Peak vs. RMS: All VU’s now contain both Peak and RMS info. In extremely basic terms, Peak signals give you a good idea of the transient or peak levels of your audio, while RMS is a more accurate assessment of the overall volume. Being able to see both should prove extremely helpful when mixing, especially when compressing to try to get more overall power in a mix.
Color Coding: Every track in Live now gets assigned a color out of the gate. Clips will also, by default, retain their tracks color. This improvement should ensure that sessions stay organized without the required extra clicks you’d need to color code everything yourself.
New Sounds and Instruments
Live 9.5 introduces three new Max 4 Live Synths: Poli, Bass, and Multi. Multi was designed with Push’s tweak-ability in mind while Poli is mainly designed for strings and pad sounds. Bass sounds should be pretty straightforward. Also included are new Drum Kits, samples, and presets for you to use.

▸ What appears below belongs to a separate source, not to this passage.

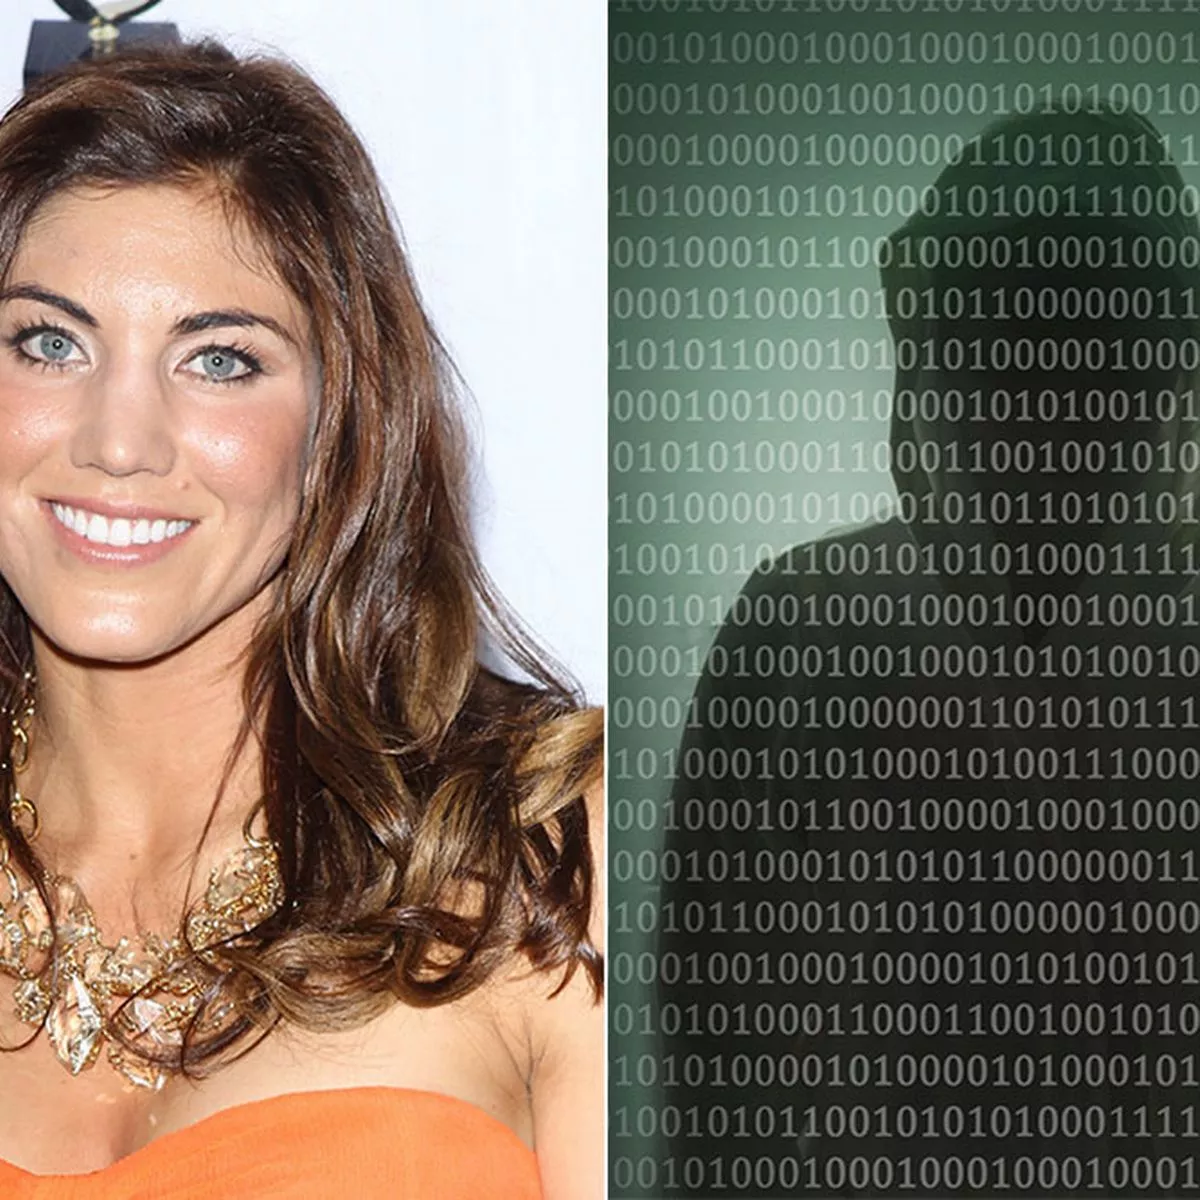 brandy towne recommends Hope Solo Leaked Pics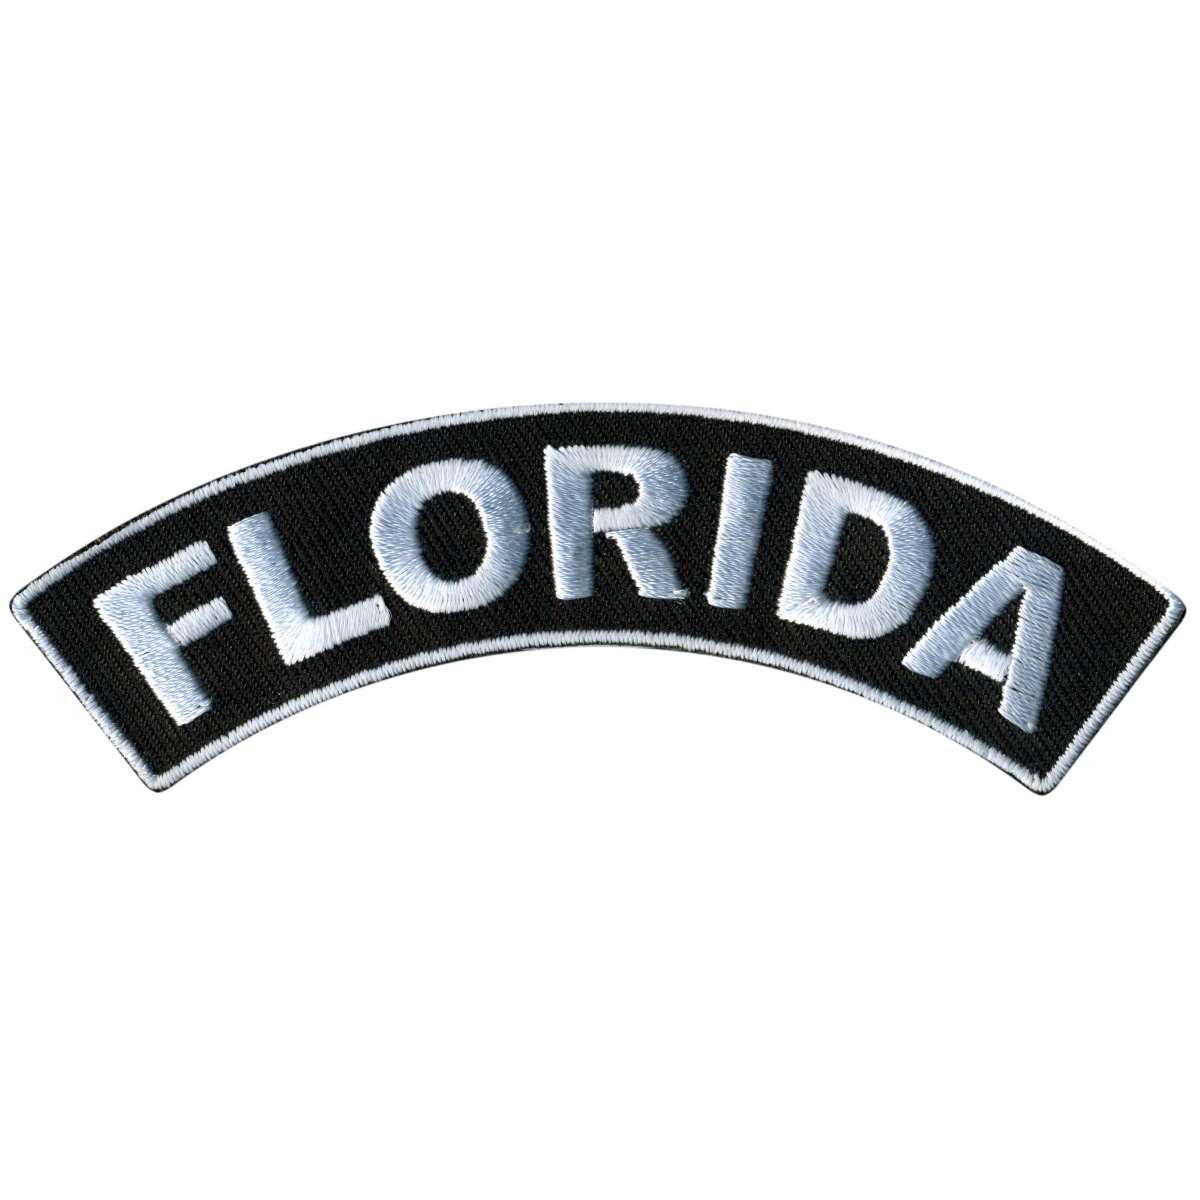 Hot Leathers Florida 4” X 1” Top Rocker Patch PPM4018

Third party VST and AU plugins can be directly loaded from Push now. A folder called Plugins now appears in the Push browser, with full access to hot-swap capabilities. When working with AU plugins, hot swapping also allows you to browse the plugins presets.
Sounds can now be previewed directly from the Push Browser as well. For example, with a Drum Rack loaded, you can click an empty pad, browse your collection of samples, and preview the audio of the samples as you scroll through the Browser menu on Push. This limitation was one of the biggest workflow issues that still required your mouse up until now. It’s great to see the new features of Live further encourage getting away from the screen.
Scale Mode changed the game when it was first introduced on Push. In essence, when enabling “In Key” mode, Push only displays notes that are in Key of whatever scale you choose. One issue that bothers a lot of producers is that the Scale info does not store into a Live Set, so once you close a session, you have to manually setup the Scale settings again. This limitation presented problems if you forgot to write it down in the first place, especially when working with more exotic and unfamiliar scales. The new update now ensures that Scale settings are saved directly into the Live Set, so that as soon as you reopen a session, Push is in key and ready to play.
Link is a technology that keeps devices in time over a wireless network, so you can forget the hassle of setting up and focus on playing music. Link will soon be available to Live users as a free update, and to the wider music-making community as a built-in feature of a growing number of iOS apps.